I’ve been running LLM agents on my projects for a while. They can handle multi-step work; that’s not the issue. The issue is verifying that the right decisions are getting made, and making sure each new session picks up with the full context of everything that came before it.

Without structure, you get work that’s technically correct but directionally off. An agent makes a reasonable-sounding call, the next agent inherits it, and by step four the project has quietly drifted from what you actually wanted. Not because the agents failed, but because there was no durable record of intent to check against.

That kept nagging at me. So I built a workflow to address it, which I’ve been calling Vibin (open source on GitHub).


The root issue: decisions made, but not recorded

Single-step prompts work fine. Ask an LLM to refactor a function, it refactors the function. Ask it to write a test, it writes a test. The problems show up when you chain these into a project: output of one step becomes input for the next, across multiple sessions, across multiple agents that don’t share context.

The failure mode isn’t usually bad code. It’s undocumented assumptions. An agent makes a call that’s locally reasonable, the next agent inherits it without knowing, and the project accumulates decisions that nobody consciously made. You can’t review what wasn’t written down.

The solution is a durable, readable record of what was decided and why, one that outlives any individual context window.


The wiki as the single source of truth

The core of Vibin is a wiki/ directory that lives in the repo alongside the code. Every agent reads wiki/INDEX.md before doing anything else. A PreToolUse hook enforces this; agents that try to write before reading the wiki get blocked.

The wiki isn’t documentation in the “update it at the end” sense. It’s the spec. It contains:

  • Vision and requirements: what the project is, what it should do
  • Architecture: tech stack, package manager, directory conventions, test setup
  • A backlog: markdown files in wiki/backlog/<lane>/, one per work item
  • Spec pages: one detailed acceptance criteria doc per feature or bug
  • Research pages: findings from investigative runs, written before implementation starts
  • A decision log: append-only, ADR-style, notable choices only
  • A progress journal: what the agents have actually done, in order

When code and wiki disagree, the wiki wins. If an agent produces something that contradicts the wiki, you don’t patch the code; you figure out whether the spec was wrong and update it there. This keeps the system’s memory coherent.


The kanban, in markdown

Work items are files. wiki/backlog/inbox/B5-add-storybook-config.md. Moving a card to the next lane is git mv. The pipeline has four lanes: inbox → ready → doing → done.

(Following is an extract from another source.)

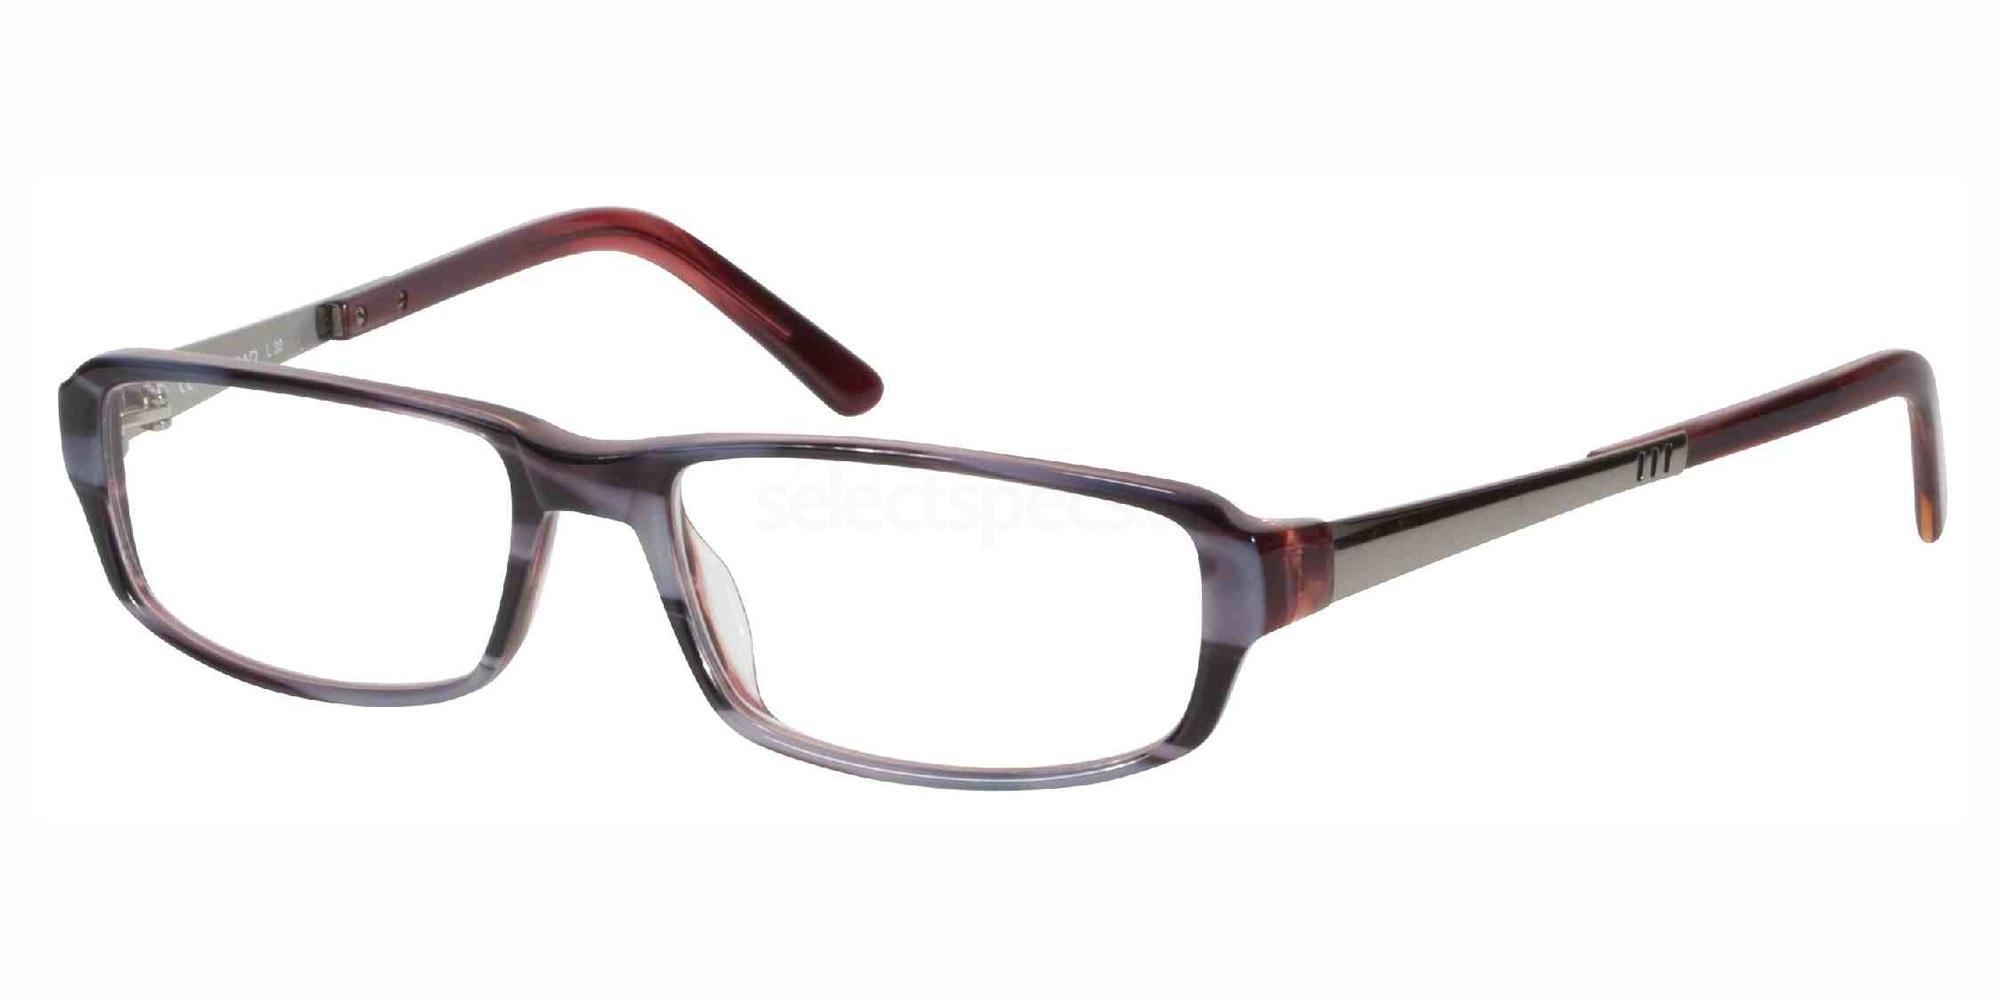 8342 12003 , MENRAD Eyewear

A few properties I care about:

  • Reviewable at any point: I can pause the pipeline after spec, after tests, after implementation. Each lane boundary is a natural checkpoint. Nothing commits to the next stage without the previous one landing in a file I can read.
  • Durable: the state survives a context reset, a laptop reboot, a new Claude session. It’s just files.
  • Scope stays bounded: anything that surfaces mid-run but is out of scope for the current item goes into inbox/ as a new card. It doesn’t disappear, and it doesn’t derail what’s in flight.

Each backlog item is a small markdown file with a type: field (feature, bug, research, chore) and an optional flags: list. Flagging something review pauses the pipeline after the spec is written and waits for sign-off before tests get written. For routine work you skip the flag and let it run. For anything risky or genuinely unclear, you add it and read the plan first.


The pipeline tracks

Different types of work get different tracks through the pipeline.

Feature: spec-writer → test-writer → implementer → reviewer
Bug: same, but the first thing the spec-writer does is write a regression test that exposes the bug
Research: researcher → reviewer confirms the findings land in wiki/research/<topic>.md
Chore: implementer → reviewer (no spec required, no test-first)

The spec-writer step is where planning happens. Not a back-and-forth conversation: the spec-writer reads the backlog item and the wiki and produces a spec page with acceptance criteria, constraints, and a proposed approach. That file is the plan. Add flags: [review] to the backlog item and the pipeline pauses after the spec is written, waiting for sign-off before tests start. Leave the flag off and it keeps going. The spec exists either way, sitting in the repo.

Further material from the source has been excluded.